Blogs

Wremyr Scliar

Professor de Direito Administrativo (PUCRS), Doutor, Mestre e Especialista em direito.Conselheiro substituto emérito aposentado do Tribunal de Contas - RS. Comenda Oswaldo Vergara - OAB RS. Primeiro diretor da Escola de Gestão e Controle do Tribunal de Contas - RS.

As Últimas Testemunhas

28.09.2018

SVETLANA ALEXSIEVITCH está de volta às estantes das livrarias com AS ÚLTIMAS TESTEMUNHAS – CEM HISTÓRIAS NÃO INFANTIS, editora Companhia das Letras.

A escritora, filha de pai bielorusso e mãe ucraniana, nasceu na cidade de Stanislaw, Bielorussia, hoje território da Ucrânia. Residiu na Escandinávia, Paris e Berlim e após retornou para Minsk, onde escreveu seus livros.

Recebeu o prêmio Nobel por VOZES DE TCHERNOBIL, no qual seu tema é a tragédia humana representada pelo colapso da usina nuclear, quando prestou socorro como enfermeira voluntária.

Seu prêmio máximo não se deve, entretanto, ao tema, ainda que o conteúdo desse livro e da sua obra sejam vívidos depoimentos da sua época, especialmente a invasão nazista na União Soviética, em 22 de junho de 1941, mas especialmente a uma forma peculiar de escrever sua obra, reais, com uma peculiar forma ficcional,  buscar testemunhos e a forma de narrá-los.

Os livros de SVETLANA  reúnem milhares de depoimentos de pessoas que viveram aqueles tempos da IIª Guerra, assim como Tchernobil e a guerra no Afeganistão.

Os depoimentos são rigorosamente selecionados, incluindo uma imensa variedade de pessoas, segundo a profissão, idade, nacionalidade, lugar de nascimento, formando um riquíssimo mosaico, igualmente com várias tendências políticas, permitindo ao leitor sentir a emoção que as pessoas e os fatos narrados sentiram na realidade, agora relembradas em entrevistas de memórias.

Sua obra inclui: A GUERRA NÃO TEM ROSTO DE MULHER e o FIM DO HOMEM SOVIÉTICO.

Esses dois livros, e AS ÚLTIMAS TESTEMUNHAS,  são dedicados ao sofrimento da população civil soviética durante a IIª Guerra, eles abordam as mulheres guerreiras contra o invasor nazifascista e as crianças inocentes durante a ocupação alemã, assim como homens e mulheres comuns.

AS ÚLTIMAS TESTEMUNHAS – CEM HISTÓRIAS NÃO INFANTIS  acolhe narrativas-testemunhas de homens e mulheres, agora já idosos, e que, como crianças, sofreram durante a ocupação alemã.

Alguns críticos não conseguiram chegar ao fim da leitura, tal a carga e a pressão emocional causadas pelas histórias daqueles que eram crianças em 1941-1945.

Sem comentários intermediários, exceto para dar unidade ao livro, a autora se limita a informar nome, idade, profissão atual, quando muito, dos narradores testemunhais.

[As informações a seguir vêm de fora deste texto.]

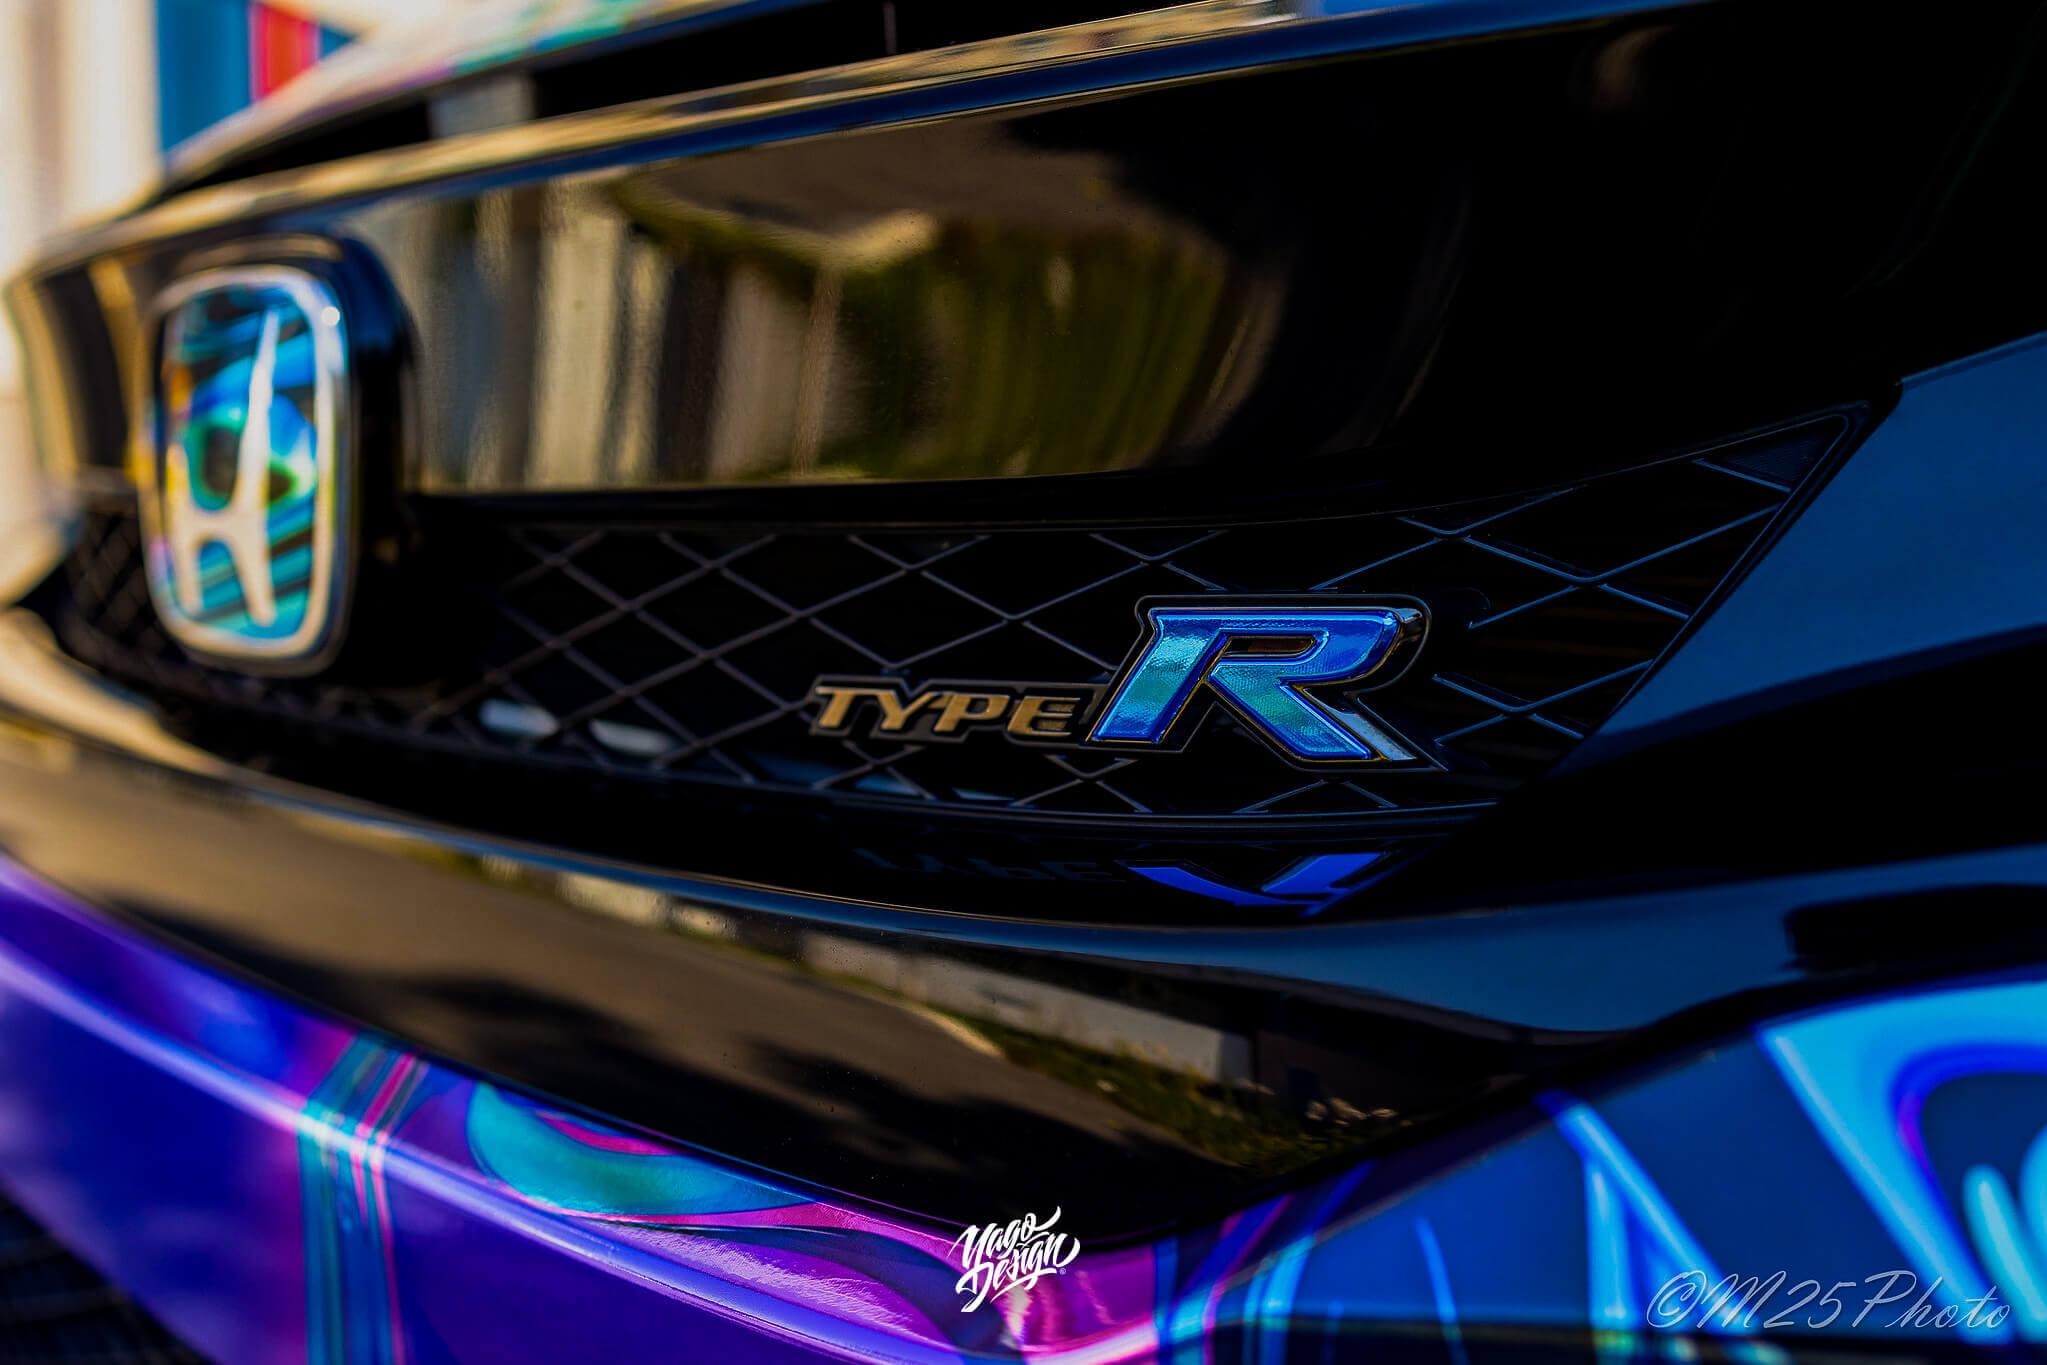 Honda Civic Type R Liquid Design psychodelic by Yagodesign (1)

Seu conteúdo é necessariamente os depoimentos sobre a guerra, contados sem filtro, sem estilos, apenas com as palavras simples que afloram de uma memória que não se apaga e não se cala.

As barbáries da IIª Guerra surgem em toda a sua crueza nas lembranças daqueles que foram crianças, muitos totalmente alheios ao conhecimento preciso dos fatos históricos e cuja, praticamente única,  expectativa era o alimento de cada dia e a sobrevivência ao conflito.

Em A GUERRA NÃO TEM ROSTO DE MULHER, anteriormente comentado nesse espaço, Svetlana resgata um episódio extraordinariamente simbólico.

Um grupo de moradores de um vilarejo russo se refugia em um pântano face à aproximação de tropas alemãs. Com ele estão os partisans, que os protegem, todos submersos até o queixo na água. O silêncio tem que ser absoluto para não atrair o inimigo. De repente, uma criança de colo choraminga. Todos se entreolham prevendo o destino do fuzilamento em massa.

A mãe da criança toma uma decisão: salvar as centenas de habitantes e o grupo de partisans afogando a própria criança.

SVETLANA propõe uma questão moral: salvar muitos em troca da morte necessária e voluntária de um único sem heroísmo, sem tecido épico, mas a sobrevivência e o sonho da libertação.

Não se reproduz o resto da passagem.